# Very slow PC.  warning: Clearing erases information stored on the TPM.



## graham63ewt (Sep 30, 2017)

Hello, I just bought a new Acer laptop. The item was advertised with windows 10 installed
and was supposed to be a brand new item, but box opened. When I first switched the laptop on, it was very
slow to load up. Immediately after entering a username name and password for the first time, 
a light blue screen came up (looked like a legitimate windows screen) saying a critical windows update 
was required, which took five plus hours to download before I could get to the desktop screen. I believe 
this was windows 10 automatically installing or windows 10 updating, as on the desktop screen, one of the 
few icons to appear was the windows 10 update assistant. 

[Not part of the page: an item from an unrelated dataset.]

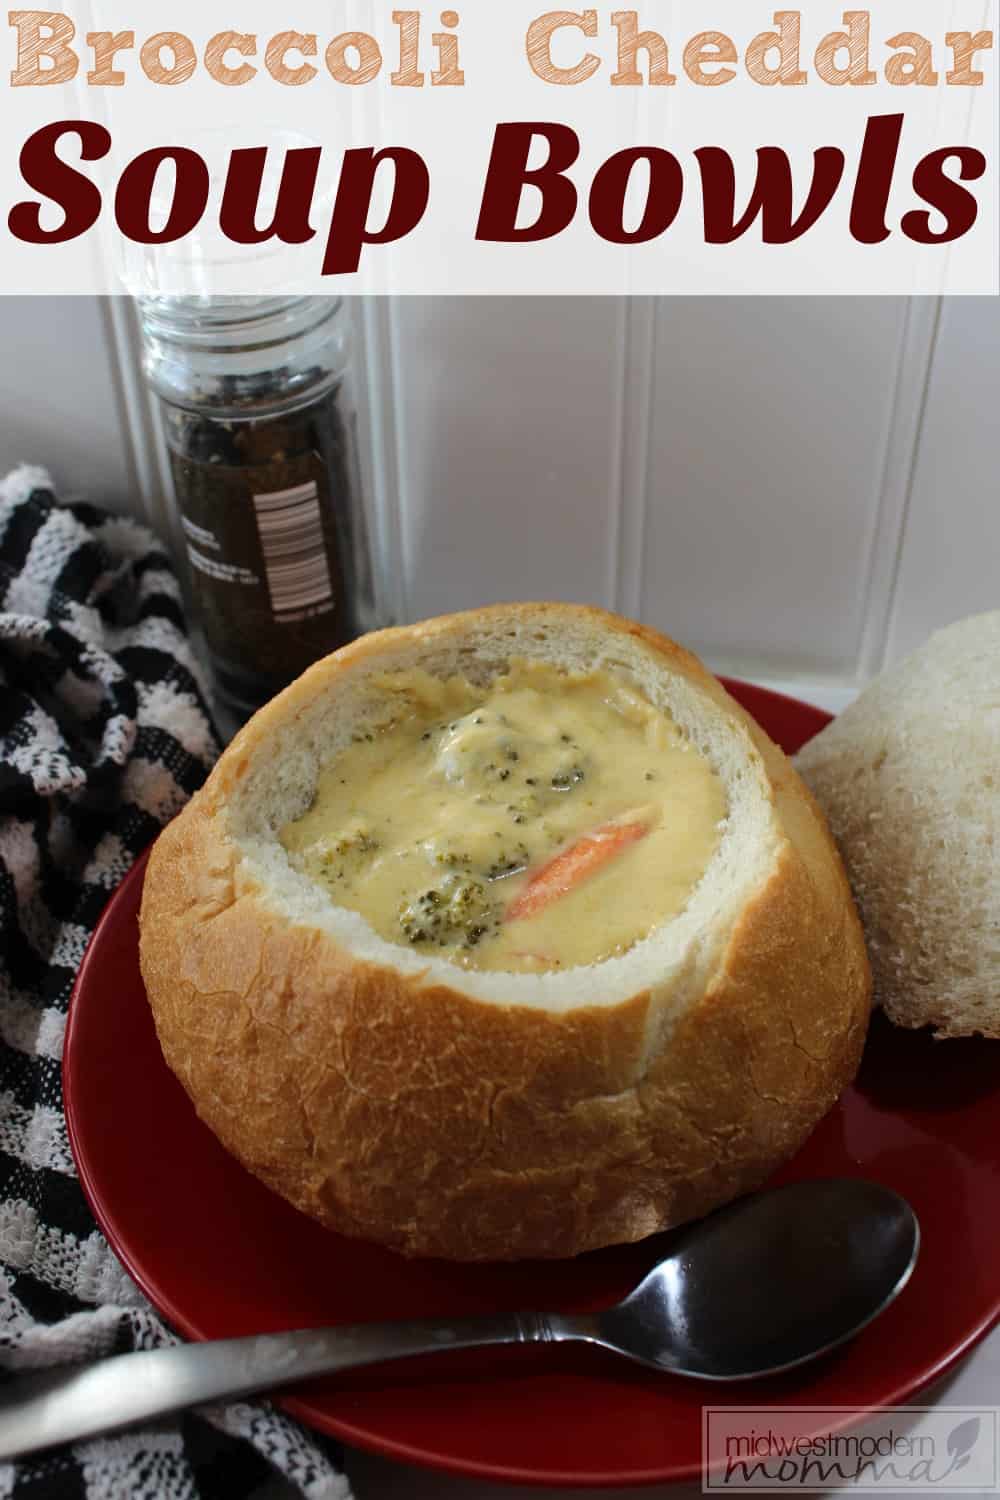 Make a delicious Broccoli Cheddar Cheese Soup to serve in warm crusty bread bowls for your family. This is a great soup full of veggies that everyone loves!

I tried using the PC, but it was very slow. I was hoping it would get better, but having tried for a few 
hours, it didn't improve...so I tried the Acer factory reset to see if it would fix the problem, but it 
stuck for  well over 3 hours on the same percentage number, saying "resetting this PC."

As I had no choice, I turned the PC off and on again, but got the message:

"A configuration change was requested to clear this computer's TPM (Trusted Platform Module)
WARNING: Clearing erases information stored on the TPM. You will lose all created keys and access to data 
encrypted by these keys. Press Yes to clear the TPM Press Non to reject the change request and continue."

1. Does anybody have an idea of what option should I press to completely remove the 
personal information (as I had typed 1 written document on the PC and saved it?)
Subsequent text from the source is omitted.